Next, Fig. 4 shows three comparisons involving incongruent audiovisual speech information. These ratios allow assessment of how incongruent information in one modality interferes with the opposing modality. Cox regression tests are shown in the rightmost columns of Table 2, which support the results described below. First, the comparison involving ABVG/AGVB was carried out to determine whether incongruent visual information had a stronger effect on auditory processing, or alternatively, whether incongruent auditory information had a stronger effect on visual identification. A ratio of 1 would imply that there is symmetry in the influence of one modality on the other. The results show that in four out of five cases, visual distractors slowed auditory processing more than the other way around. That is, ABVG/AGVB < 1, and the McGurk perception of A/b/V/g/led to slower responses than the presumed clustered perception of A/g/V/b/. The exception was Participant 3, who showed no effect either way.
Second, we assessed whether an incongruent V/g/slowed processing of A/b/by evaluating the ratio ABVG/AB. All participants showed evidence for slower processing for the A/b/V/g/trials when compared to A/b/, consistent with the traditional accuracy-based result that V/g/inhibits the perception of the A/b/. Finally, we evaluated AGVB/VB to determine whether and the extent to which the incongruent auditory A/g/inhibited the detection of V/b/. Testing this asymmetry constitutes an advantage of the detection approach since we can assess the relative influence of the visual modality on auditory perception, and the reverse. Strikingly, all participants except Participant 1 show evidence for slower processing to the A/g/V/b/stimulus when compared to V/b/. Thus, there are effects in both directions: visual incongruence deleteriously affects auditory processing and auditory incongruence damages visual processing. However, the effect is greater for conflicting visual rather than conflicting auditory information.

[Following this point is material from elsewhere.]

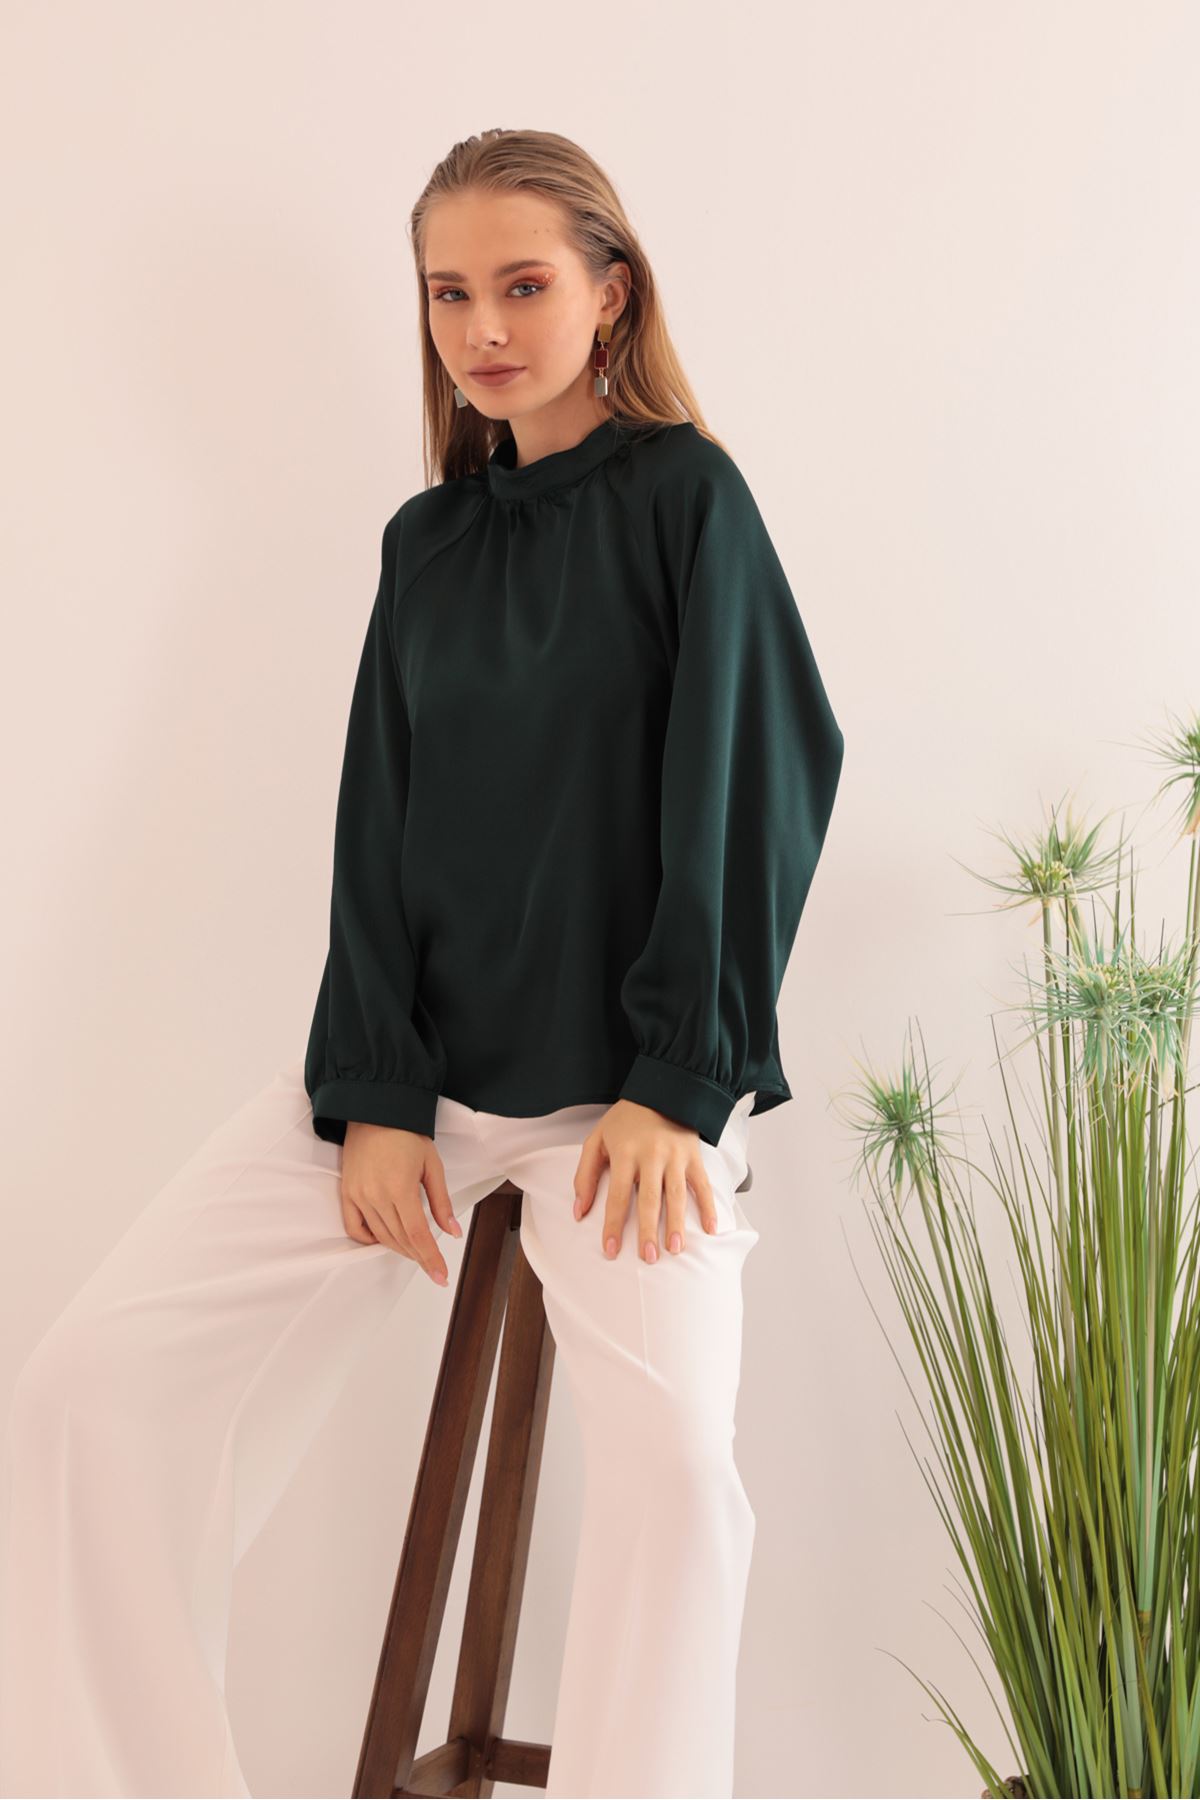 Kobe Satin Fabric Back Detail Women Blouse-Emerald Green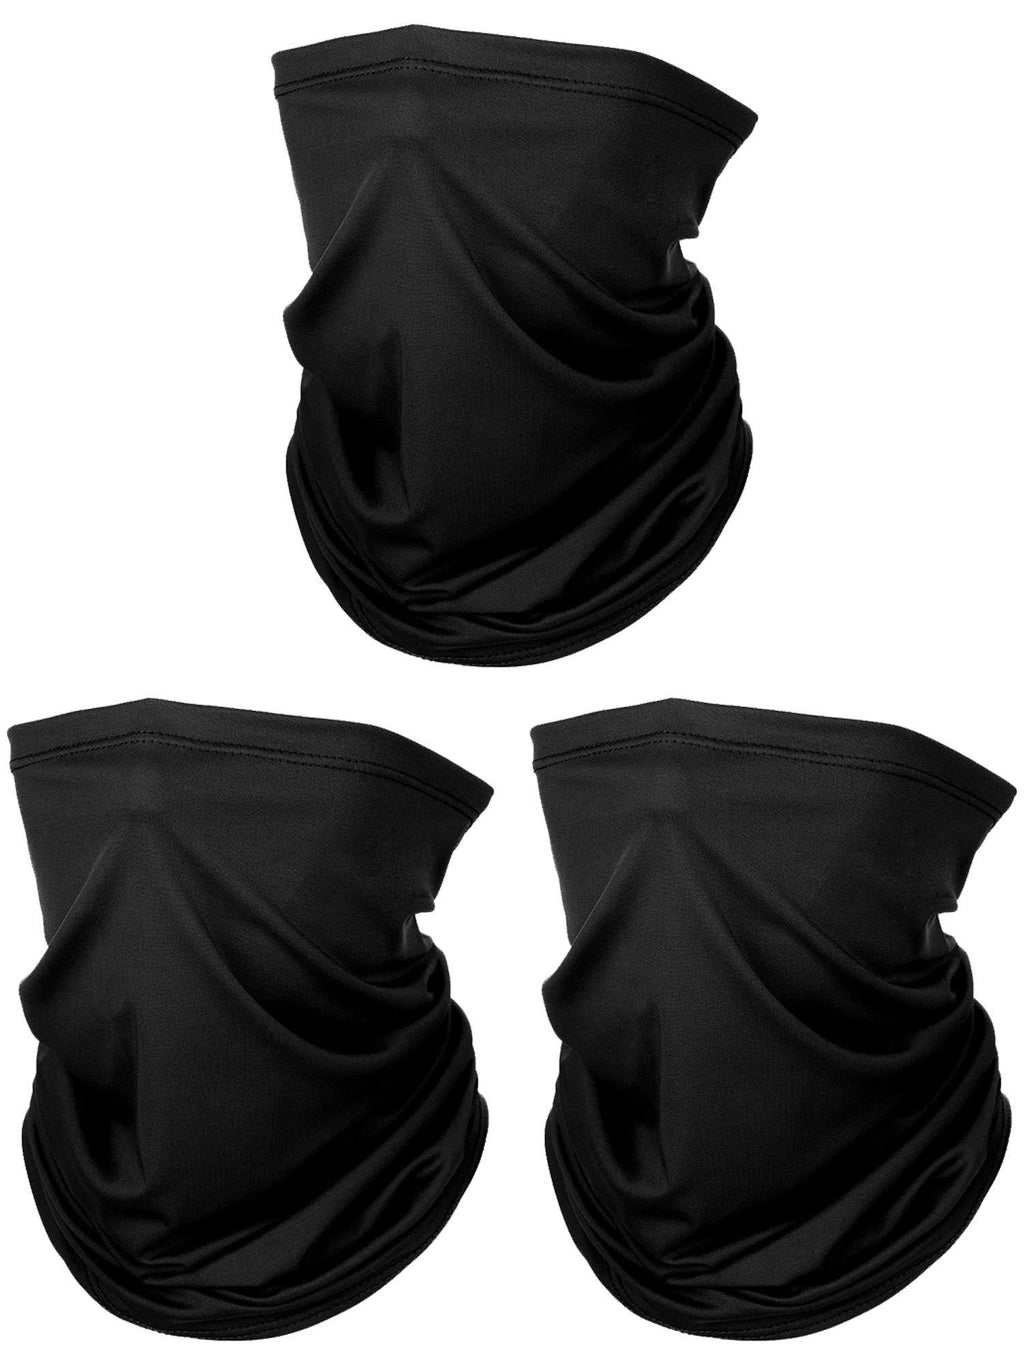 [Australia] - 3 Pieces Men's Neck Gaiter Summer Sunscreen Neck Gaiter Lightweight Sun Mask for Outdoor Activities Black

One other notable finding in these data is that the incongruency effect is largest for short RTs. As subjects take longer to respond to the stimuli, the in-congruency effects tend to diminish, and efficiencies even approach 1 for the longest RTs. We also see similar effects in Fig. 2 where efficiencies for congruent stimuli increase with increasing RTs.
Focused attention: Integrated hazard ratios
Figure 5 displays three integrated hazard ratios for the focused attention condition in the right panels separately for each participant. The integrated hazard comparisons include: ABVB/AB, ABVB/ABVG, and ABVG/AB. The Cox regression analysis results are displayed in Table 12. Evidence for the ability of listeners to focus their attention on the auditory modality would be revealed in these hazard ratios all equaling 1, suggesting that the presence of the visual stimulus, whether it is V/b/or V/g/, would not influence the response. However, Fig. 5 demonstrates that for ABVB/AB and ABVG/A, the efficiency ratios tend to be less than 1. That is, data from all observers revealed evidence for more efficient processing when only auditory information was present. It is particularly interesting that the irrelevant but congruent cue provided by V/b/actually hurt performance. For ABVG/AB, we see efficiencies much, much lower than 1 for all listeners, indicative of a strong inability to filter out the incongruent V/g/stimulus.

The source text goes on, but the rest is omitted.